Литмир - Электронная Библиотека

— Убийство… это так страшно? Это нельзя… простить?

И вот тут мне стало совсем фигово. Я поняла. Поднявшись, я осторожно взяла парня за руки и начала мягко гладить ледяные ладони пальцами, а затем тихо сказала:

— Смотря ради чего человек убивал. Батюшки говорят, что если человек убивает на войне, это допустимо. А еще я думаю, что ради защиты родных и друзей, ради самозащиты… да даже просто ради защиты человека, попавшего в беду, убить можно. А вот убийств ради наживы или развлечения я не понимаю. Не понимаю маньяков, хоть и знаю, что они больны, не понимаю тех, кто готов прибить любого ради ста рублей. Но ты ведь не такой, Фран.
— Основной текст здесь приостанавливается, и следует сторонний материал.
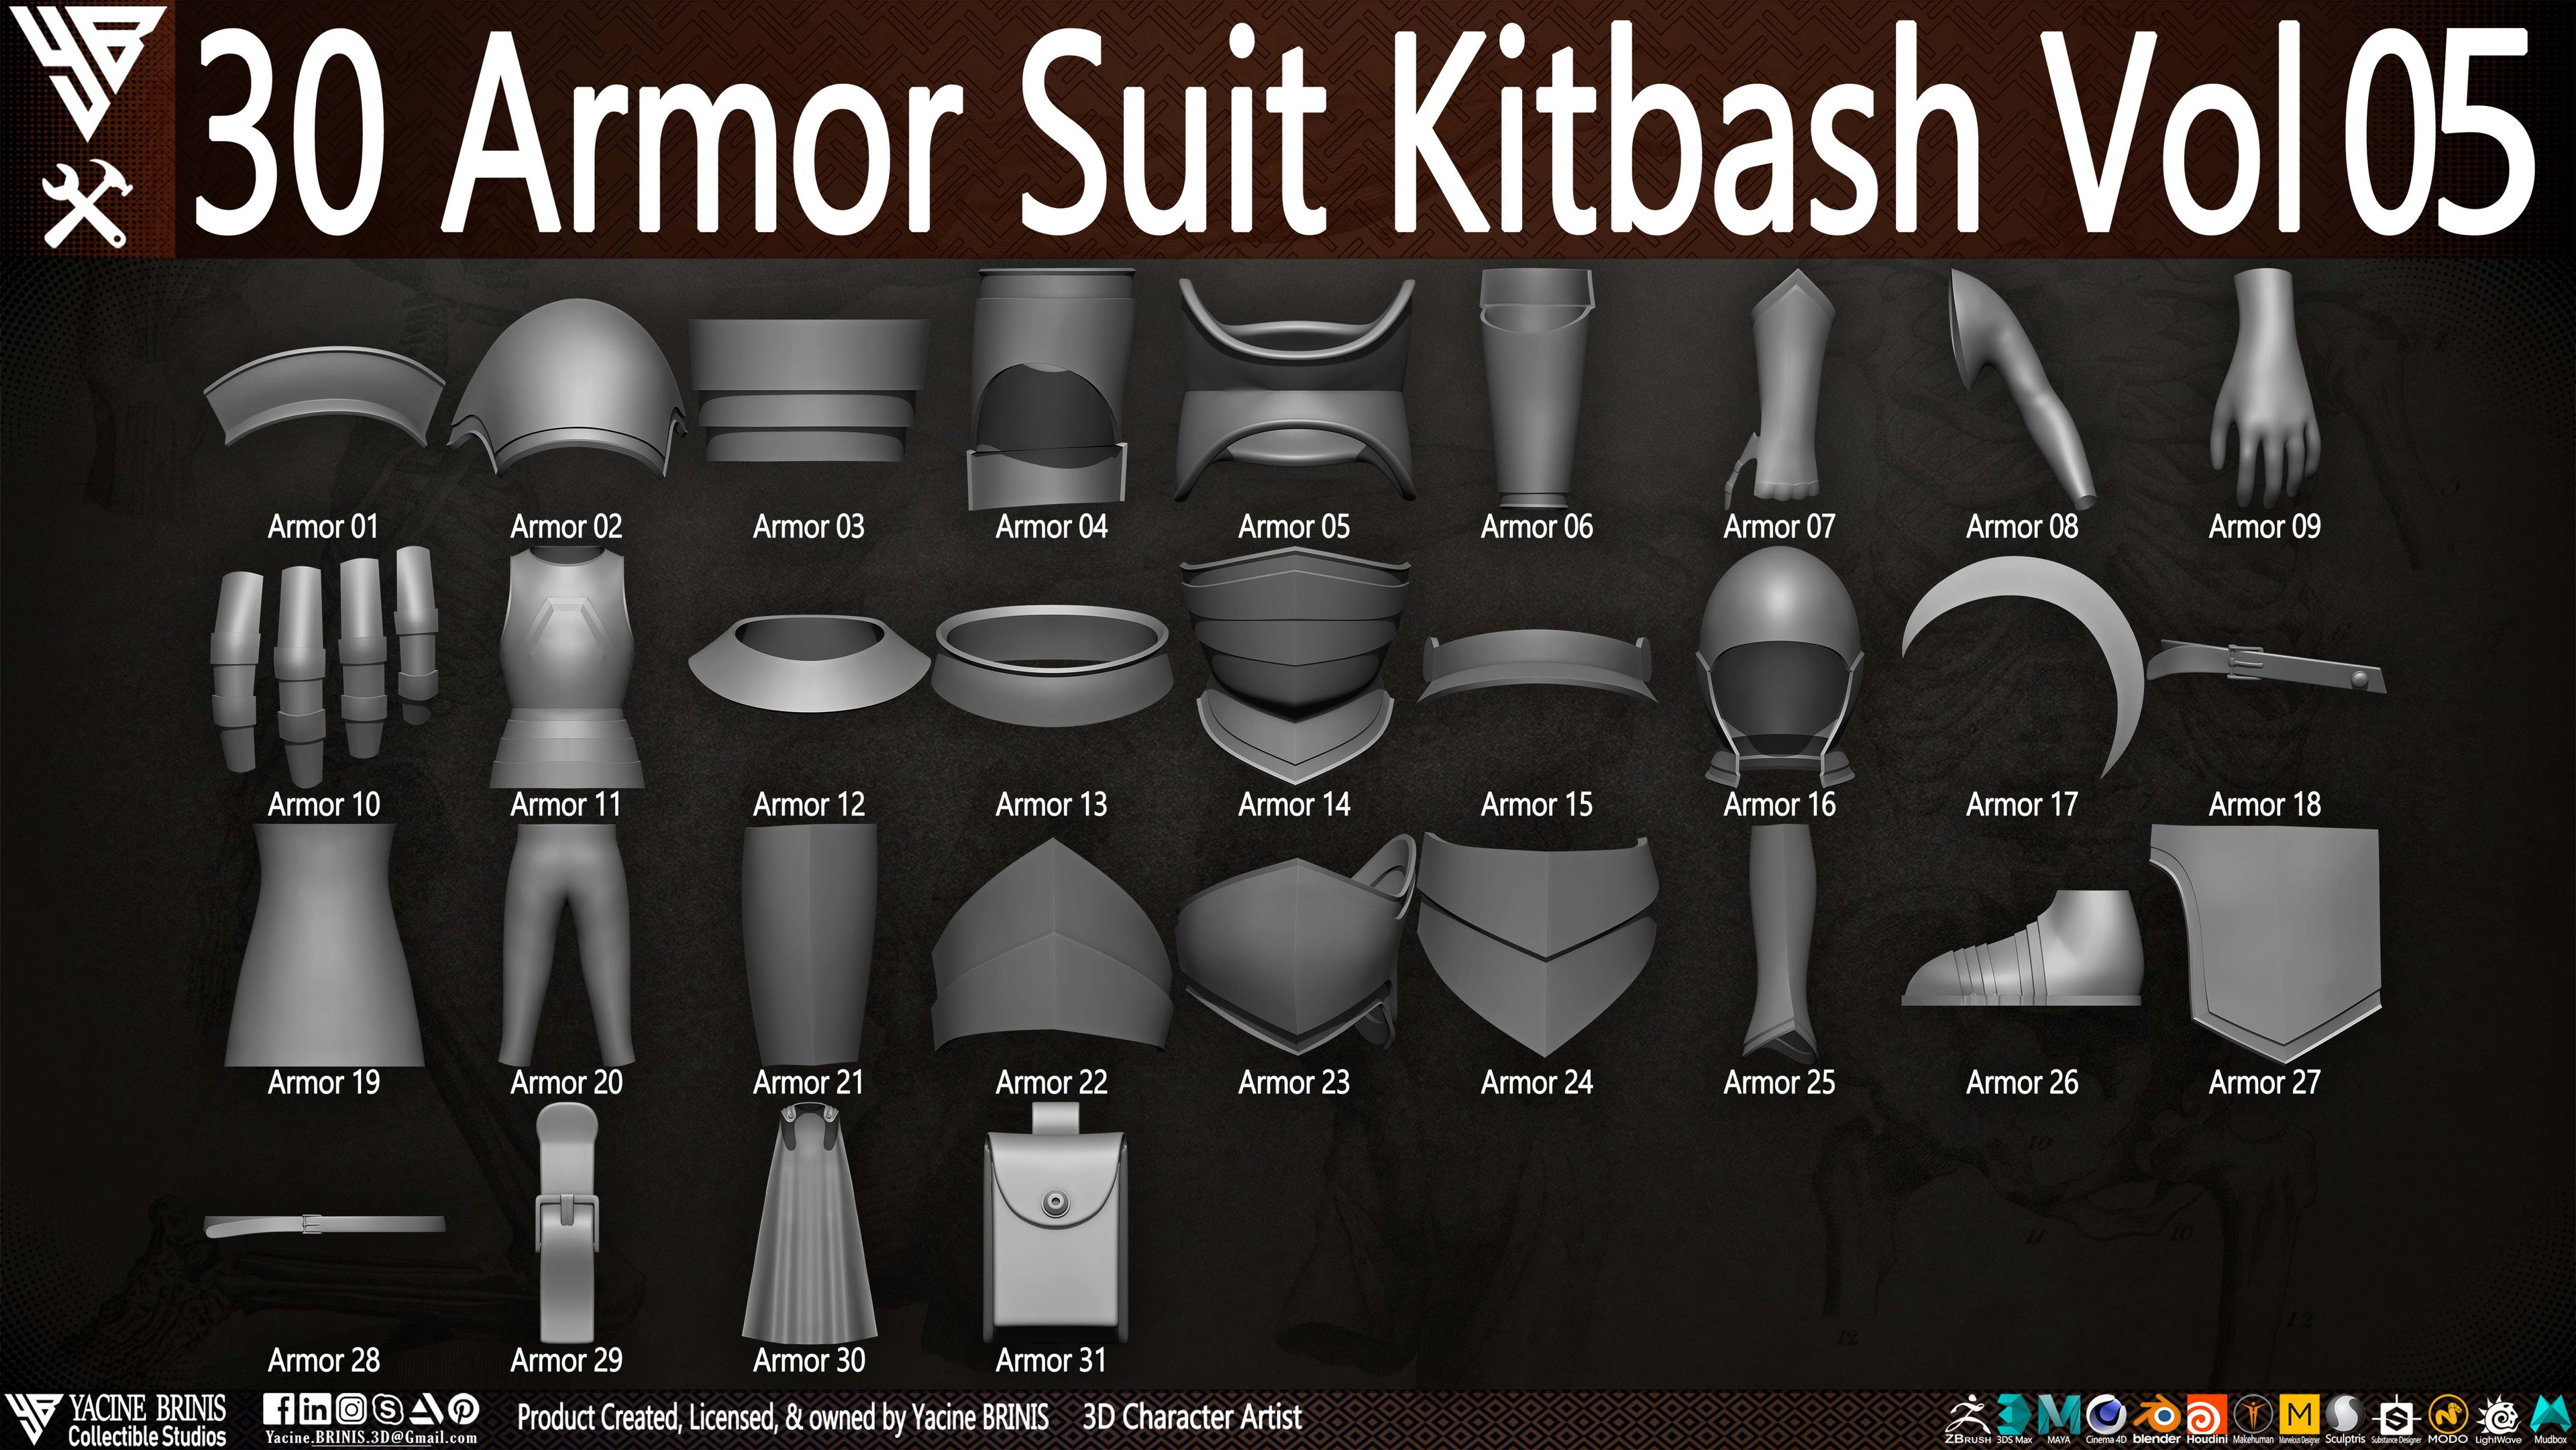 30 Armor Suit Kitbash By Yacine BRINIS Set 019

— Не знаю, — пробормотал он, упорно глядя на картину Шишкина. Предгрозовое небо странно контрастировало с залитой лучами солнца поляной, и я вдруг поняла, почему он так любил это полотно. Просто оно такое же, как и он сам: внешнее спокойствие и мрак, ужас и боль, выжигающие душу дотла, внутри… — Учитель нашел меня, когда мне было семь. Взял к себе. Учил пользоваться… его оружием, — я вздрогнула. Неужели это та гадина сделала из Франа того, кем он являлся — человеком, убившим в себе эмоции и отгородившимся от мира ради того, чтобы ему не плюнули в душу?.. — Он учил меня убивать и говорил, что это допустимо ради цели. Но у меня не было цели — я просто существовал рядом с ним, потому что мне больше некуда было идти. Я не мог вернуться домой, я не мог уйти — от таких, как учитель, не уходят. Я к нему немного привязался, потому что он обо мне заботился, но в то же время я его немного ненавидел, потому что он… В общем, я не мог уйти и не хотел. А потом он велел мне идти к тем, кто был с фальшивым Принцем, и я остался с ними. И там мне пригодились навыки, вбитые в меня учителем. Но я не знаю, ради чего я убивал. Я не задумывался об этом. Мне приказывали — я выполнял. И всё.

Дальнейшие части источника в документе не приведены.